An exact copy of the listing below is needed, with no pictures in it.
Start of Stored data
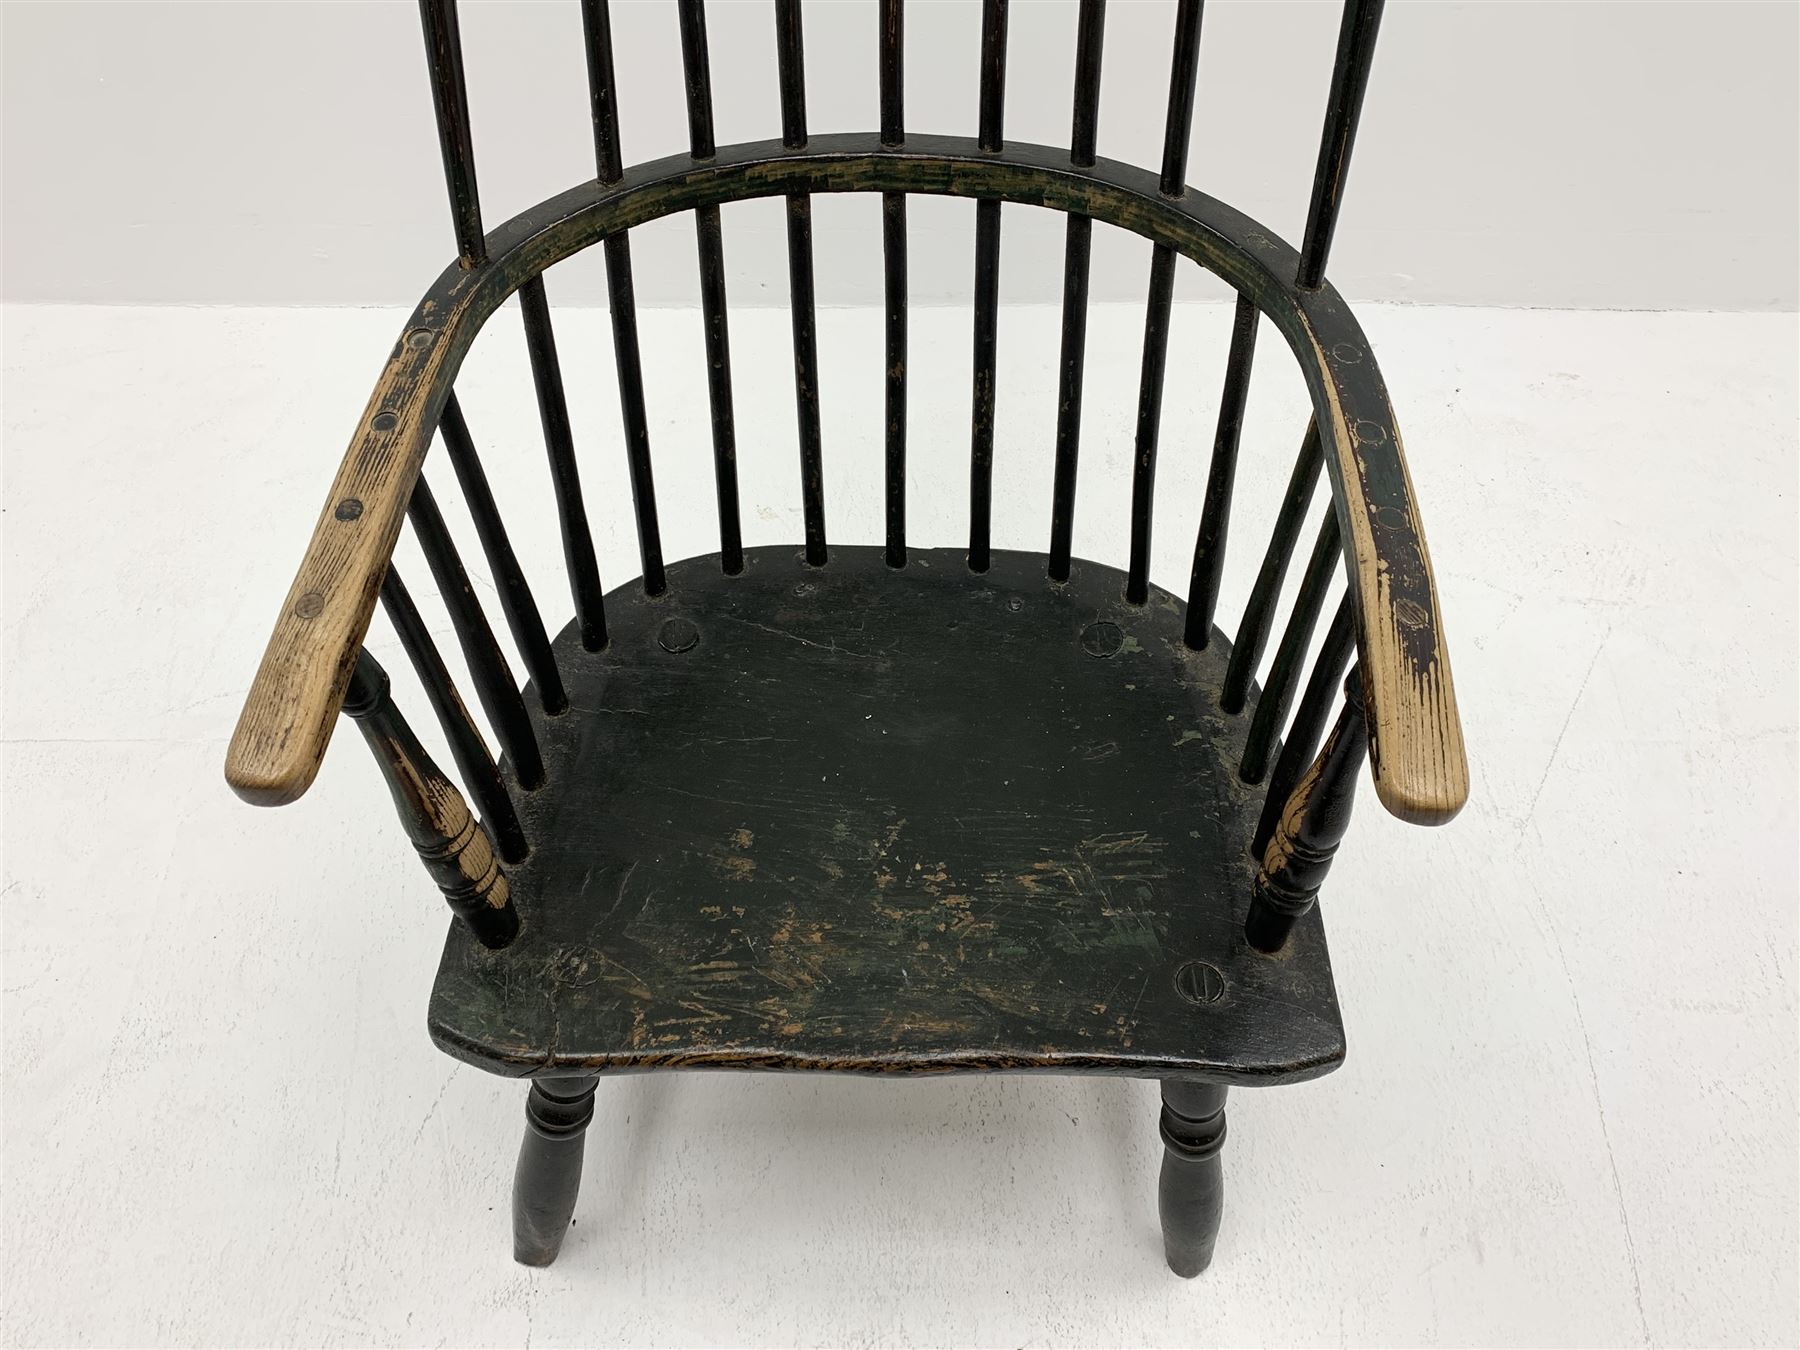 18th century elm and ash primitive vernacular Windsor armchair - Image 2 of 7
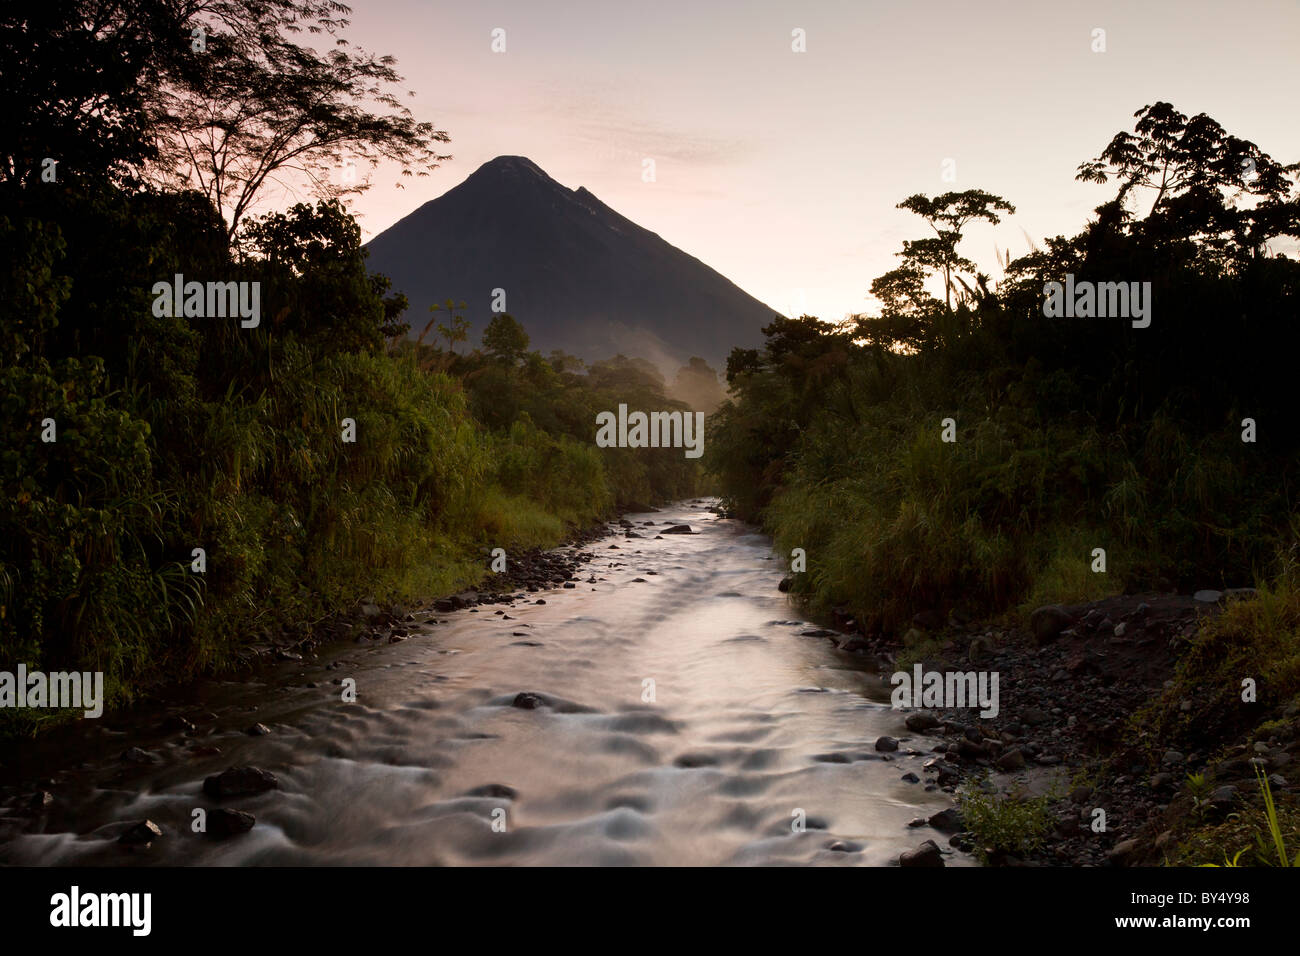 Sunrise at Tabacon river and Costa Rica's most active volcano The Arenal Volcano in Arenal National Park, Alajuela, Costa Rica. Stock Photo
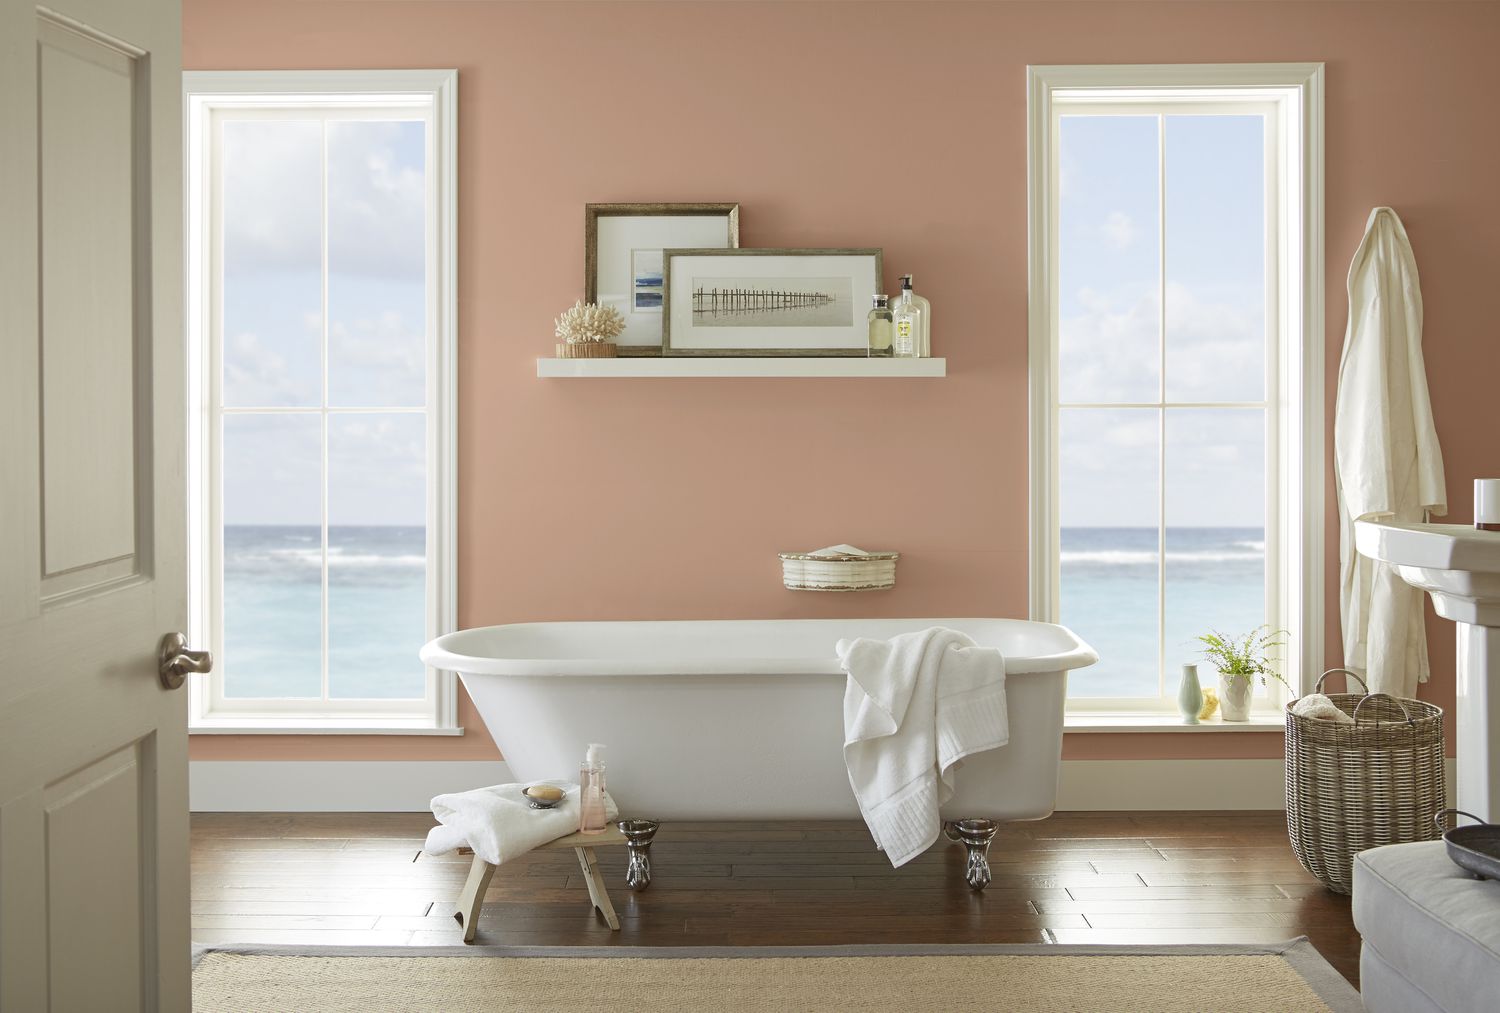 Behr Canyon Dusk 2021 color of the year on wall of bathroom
End of Stored data
_Finished task_.
 18th century elm and ash primitive vernacular Windsor armchair - Image 2 of 7
 Sunrise at Tabacon river and Costa Rica's most active volcano The Arenal Volcano in Arenal National Park, Alajuela, Costa Rica. Stock Photo
 Behr Canyon Dusk 2021 color of the year on wall of bathroom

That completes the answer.